Comprehensibility enhancement does not harm classification performance: Ablation studies show that accuracy remains virtually unchanged after adding \(\mathcal{L}_{com}\).
Human forward simulation experiment: Explanations from ECO-Concept helped users achieve the highest accuracy in predicting model outputs (Beer: 98.3%, AGnews: 86.7%), with the highest confidence scores.
Intruder detection experiment: ECO-Concept achieves the highest accuracy in detecting concept intruders across all tasks (up to 90%).
Two regularizers reinforce each other: Removing the consistency loss also reduces distinctiveness, and vice versa.

Highlights & Insights¶

LLM-in-the-loop training paradigm: Embedding an LLM as a human proxy within the training loop to optimize comprehensibility is a highly novel perspective. Unlike post-hoc evaluation, this is proactive guidance.
Successful migration of Slot Attention to NLP: Proves that object-centric architectures from the visual domain are equally effective for text concept discovery.
Operationalized definition of comprehensibility: "Comprehensibility" is operationalized as "whether the LLM can reconstruct the attention distribution based on the concept summary," which is both quantifiable and intuitively reasonable.
Explainability without performance loss: Overturns the common assumption that "explainability must sacrifice accuracy."

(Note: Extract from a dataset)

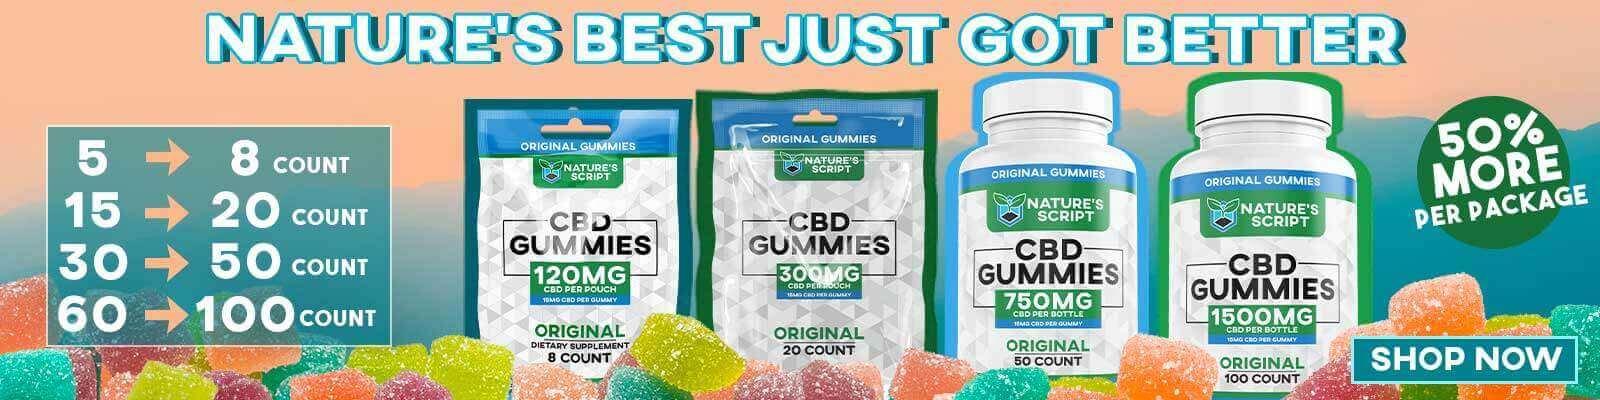 Nature's Script Best CBD Coupons Gummies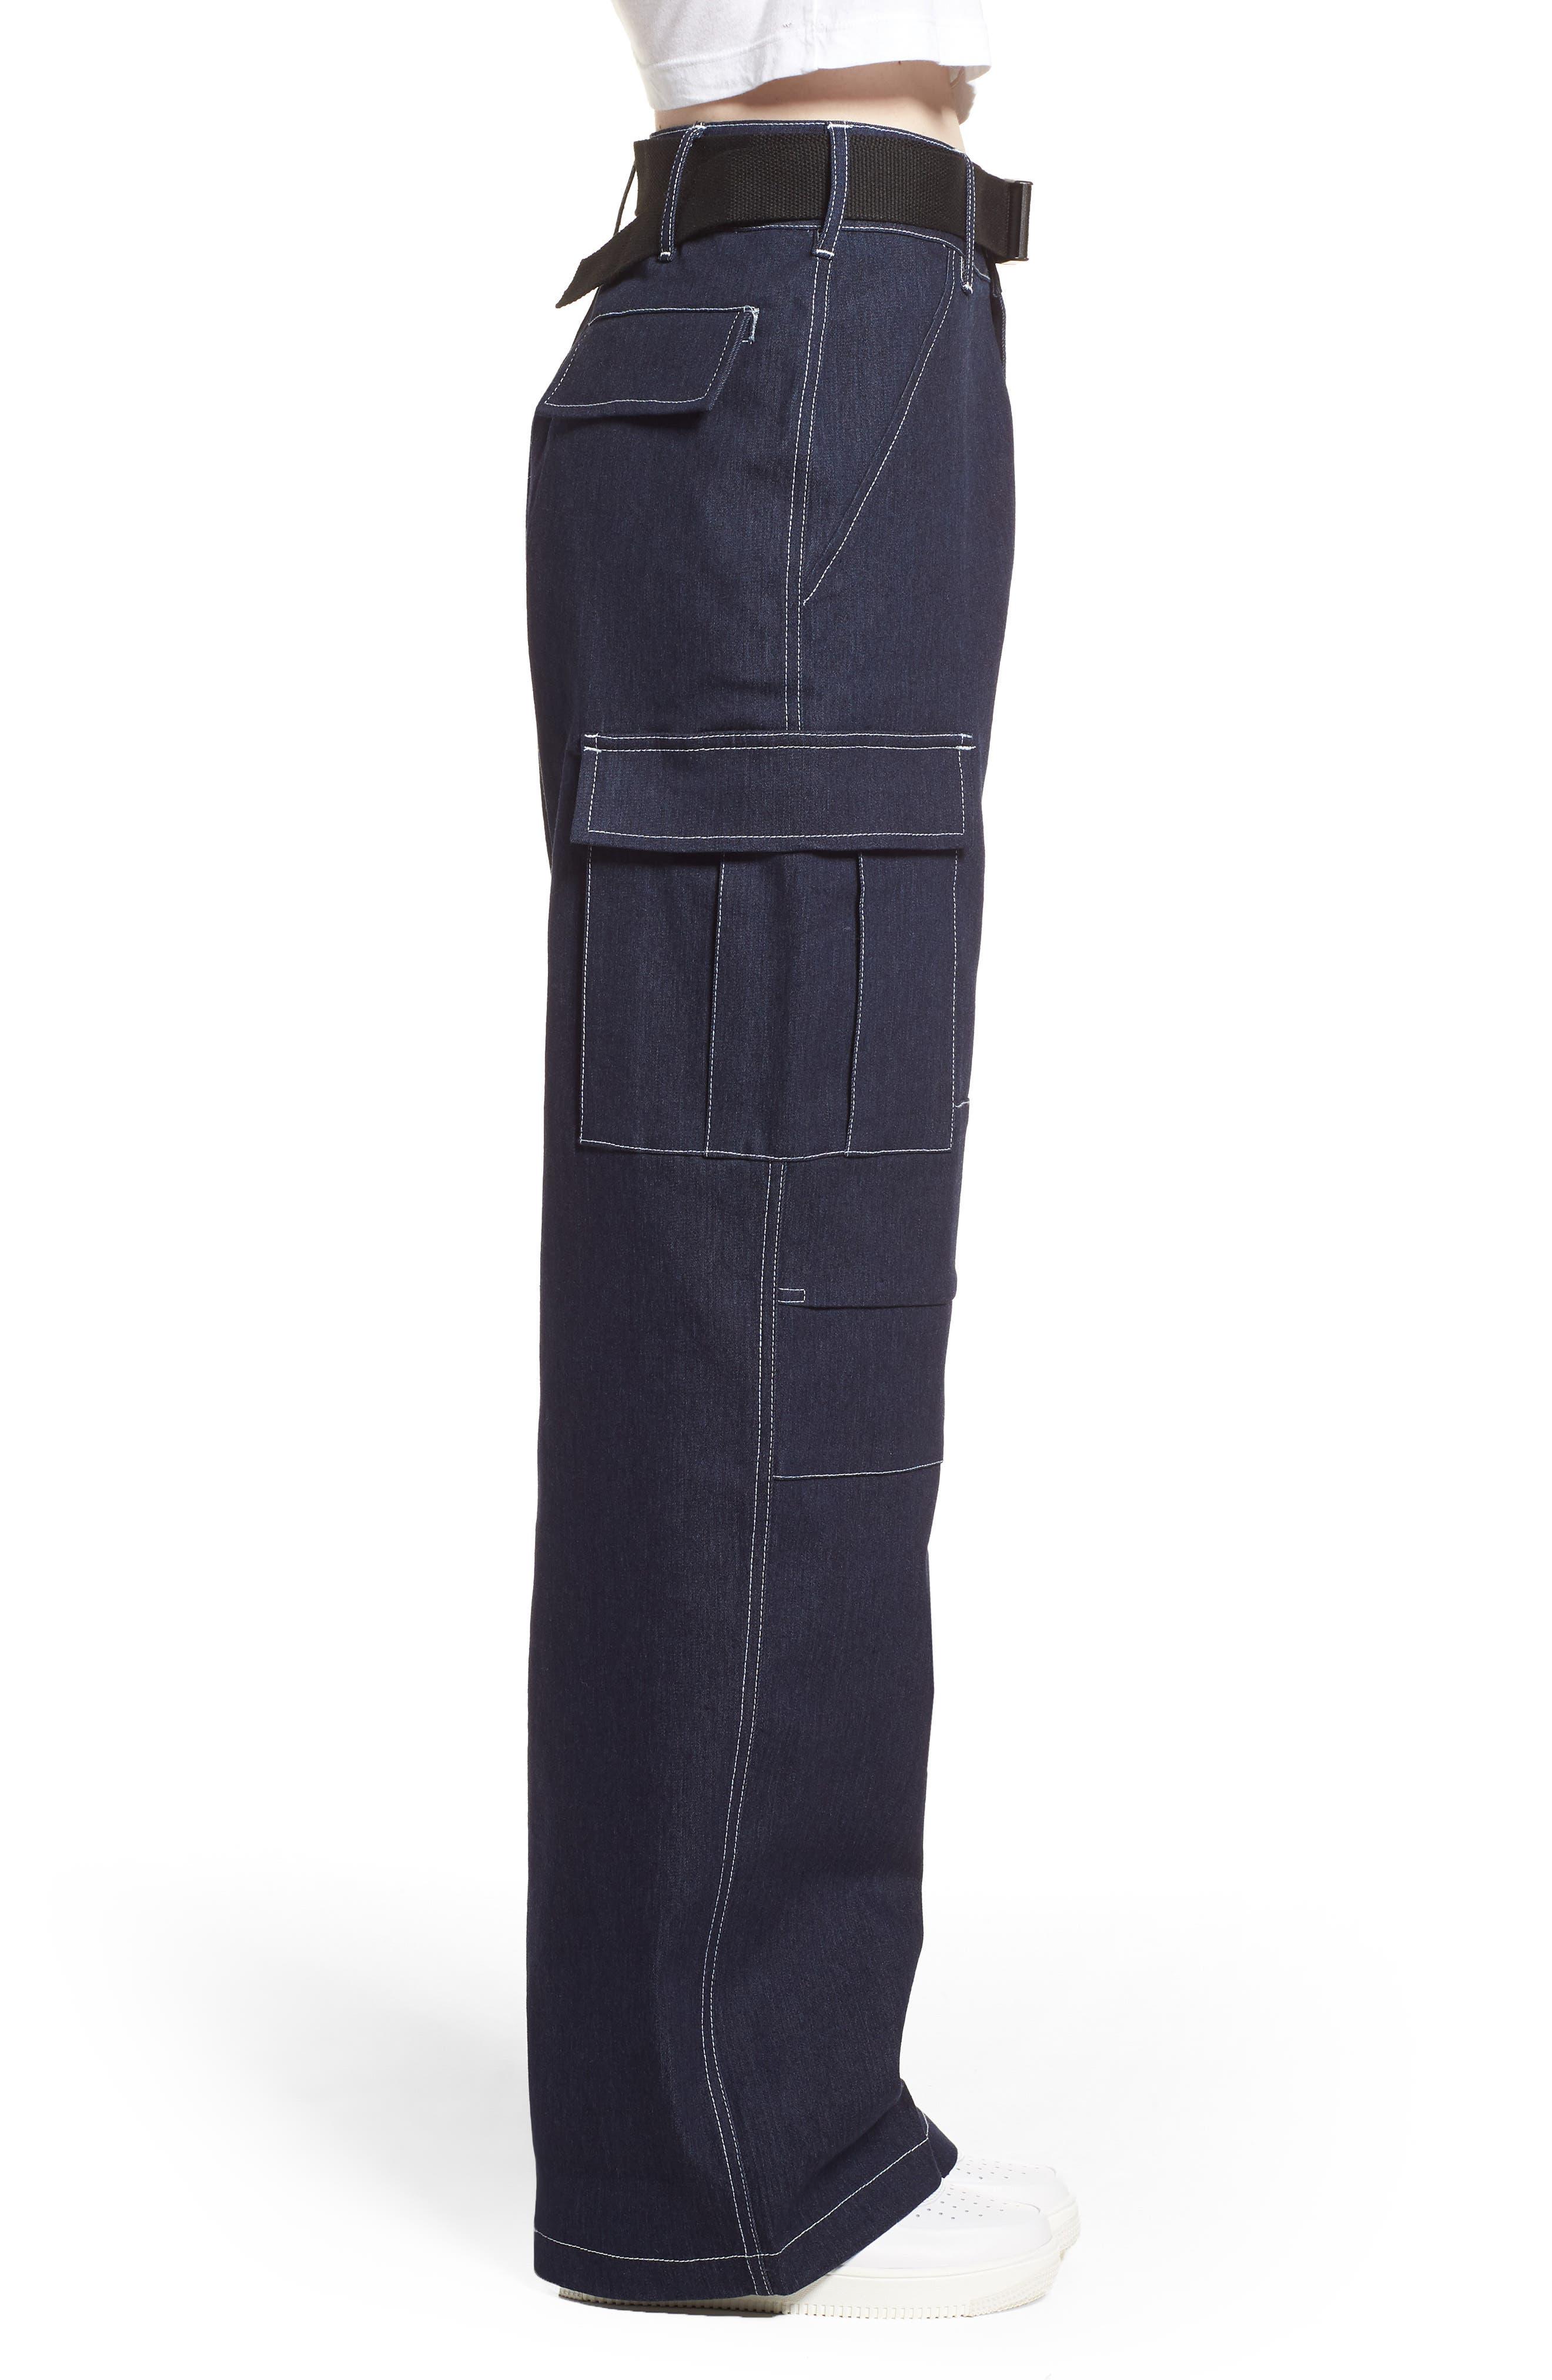 I.AM.GIA Ace Cargo Jeans,                             Alternate thumbnail 3, color,                             DENIM

Limitations & Future Work¶

Fixed number of concepts: In the current framework, the number of concepts \(M\) cannot be adaptively adjusted during training.
Reliance on API LLM: Evaluating concepts using GPT-4o/4o-mini is costly and constrained by API dependencies.
Small base encoder: Only validated on BERT/RoBERTa-scale models; not scaled to large language models like LLaMA.
Subset sampling evaluation: For cost reasons, comprehensibility evaluation is conducted only on a subset of samples.
Generative tasks unexplored: Only validated on classification tasks; applicability to generative/QA tasks remains unknown.

BotCL (Wang et al., 2023) and CCTs (Hong et al., 2024) use slot attention for concept explainability in computer vision, which this work directly extends to the text domain.
The automated neuron explanation method of Bills et al. (2023) inspired the design of the comprehensibility metrics in this paper.
CBM (Koh et al., 2020) is the classic framework for Concept Bottleneck Models.
Insight: The "comprehensibility evaluator" utilizing LLMs as human proxies can be extended to more explainability scenarios.

Rating¶

Dimension	Score (1-5)	Explanation
Novelty	4.5	LLM-in-the-loop comprehensibility optimization + slot attention transfer to text, which is highly novel.
Experimental Thoroughness	4.5	7 datasets + 3 types of human evaluations + thorough ablation study.
Writing Quality	4	Clear structure with detailed methodology and analysis.
Value	4	Provides a practical and principled solution for unsupervised concept explainability.